Total Ionizing Dose (TID) in electronics is similar to a sunburn to humans. Total dose is the cumulative ionizing radiation that an electronic device receives over a specified period of time. Like a sunburn to humans, the damage is dependant on the amount of radiation and how long it took to accumulate the total dose. Also like a sunburn, some parts will improve (or heal themselves) after removed from the irradiation source and left biased. This healing process is commonly referred to as "annealing".

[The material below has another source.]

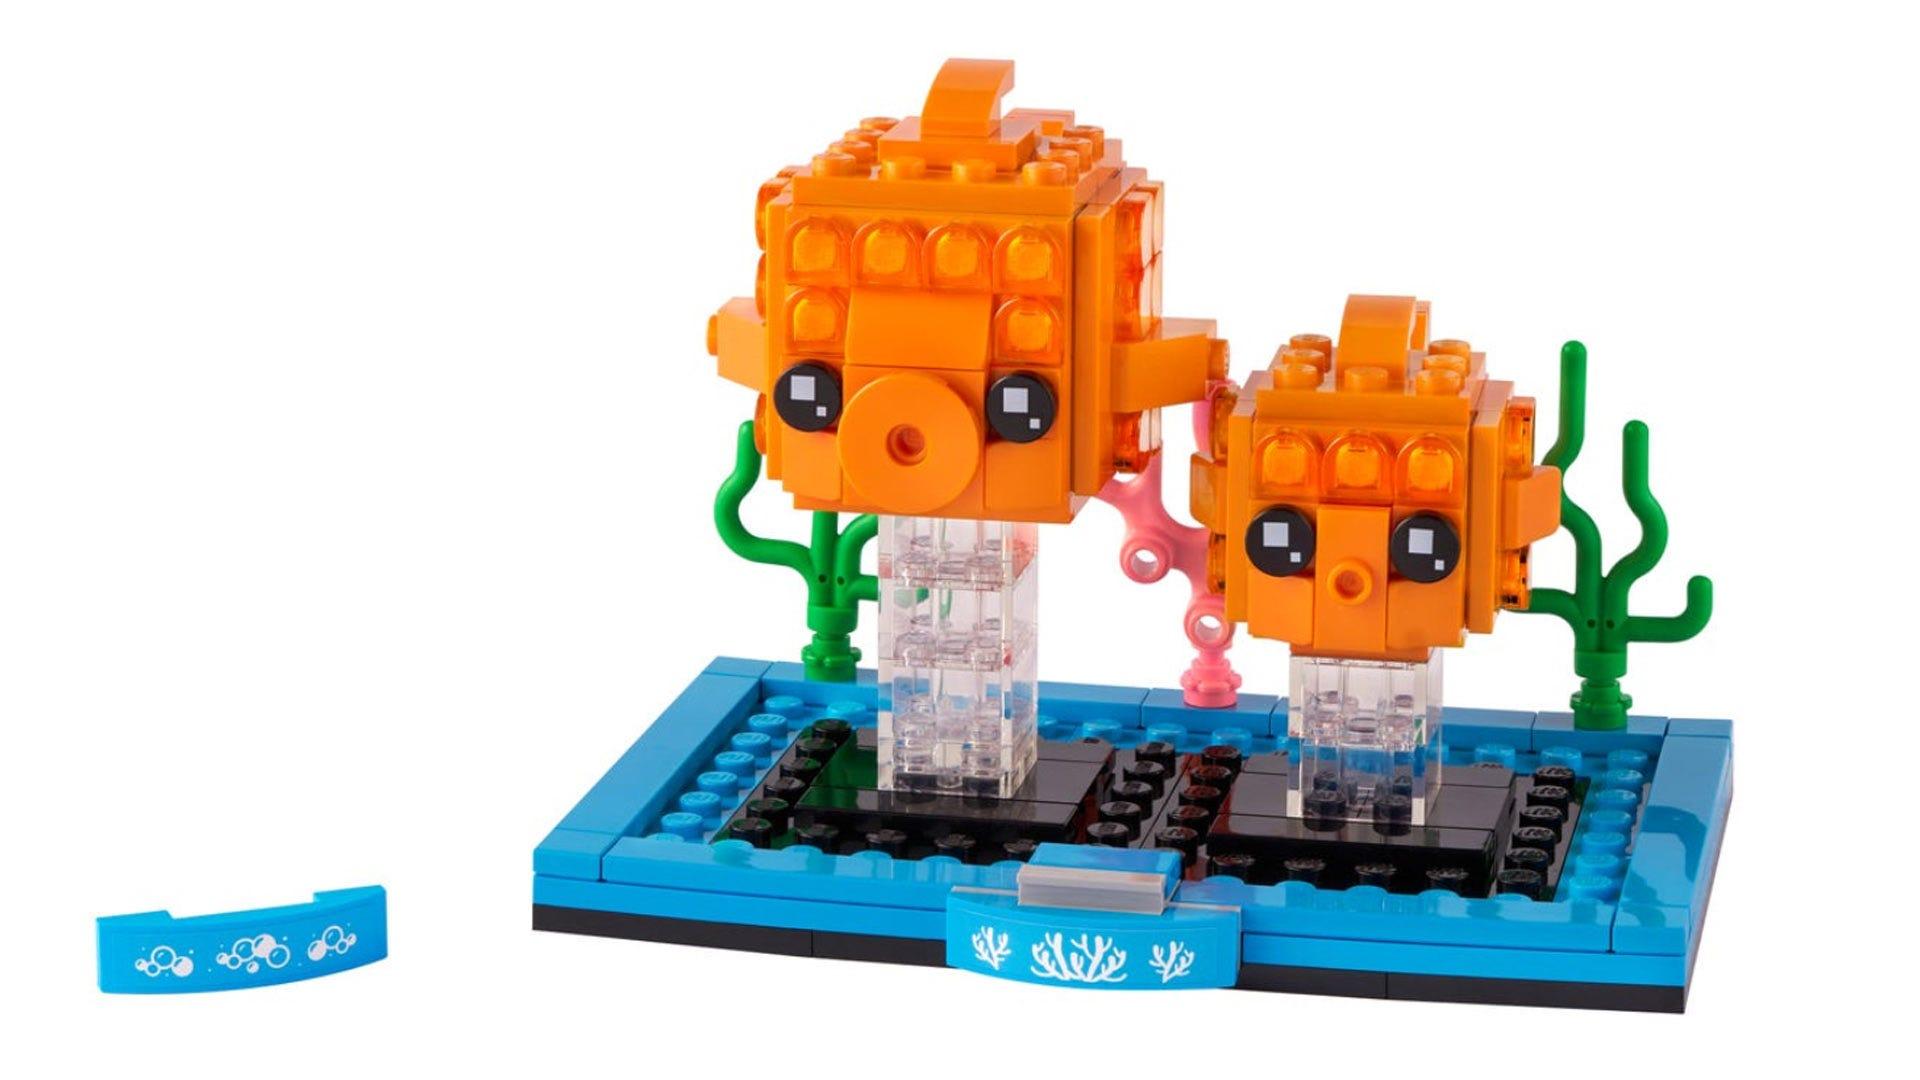 LEGO Brickheadz goldfish

Total Dose radiation is measured in rads (radiation absorbed dose). 1 rad(Si) equals 100 ergs of energy per gram when deposited in silicon. Total Dose describes the amount of ionizing radiation from all sources. When the semiconductor material absorbs ionizing radiation, electron-hole pairs are created. In bulk material, the charge can recombine or be swept out, but in impure silicon or dielectrics the mobility of the charge is changed. Charge can become trapped at interfaces or within the bulk material. Radiation-induced surface ionization can generate leakage currents. These excess leakage currents in bipolar devices can diminish the current gain. MOS technology is susceptible to the effects of total dose from excess charge getting trapped in the gate oxide material. Hole mobility is lower than electron mobility, therefore, the net trapped-charge has a positive polarity. This trapped positive charge results in a negative gate-to-source threshold shift in n-channel and p-channel devices. Factors contributing to the severity of the shift are oxide quality, electrical bias during irradiation, and the total ionizing dose level. Degradation of MOS devices depends on both the semiconductor process employed and the application.


Total Dose Effects: Total dose testing involves testing the silicon die for intrinsic parametric and functional degradation at set total dose levels to determine the total dose tolerance of the device. A C0-60 source is the preferred source for total dose testing because it penetrates all electronic packages and uniformly irradiates the die. C0-60 produces a 1.1 and 1.3 MeV Gamma pair. Maxwell tests to MIL-STD-1019.5, which governs the procedures and methodology of the test. The preferred test dose rates are as close to that of the mission's expected dose rate as possible, which frequently means low dose rate testing. For these tests, Maxwell uses a room irradiator which irradiates the parts over several days or weeks.

Maxwell's Total Dose Effects Simulator: Total dose testing is done at Maxwell with either of two Gammacell-220's, or its room Cobalt-60 Irradiator. All parts are tested with a bias board.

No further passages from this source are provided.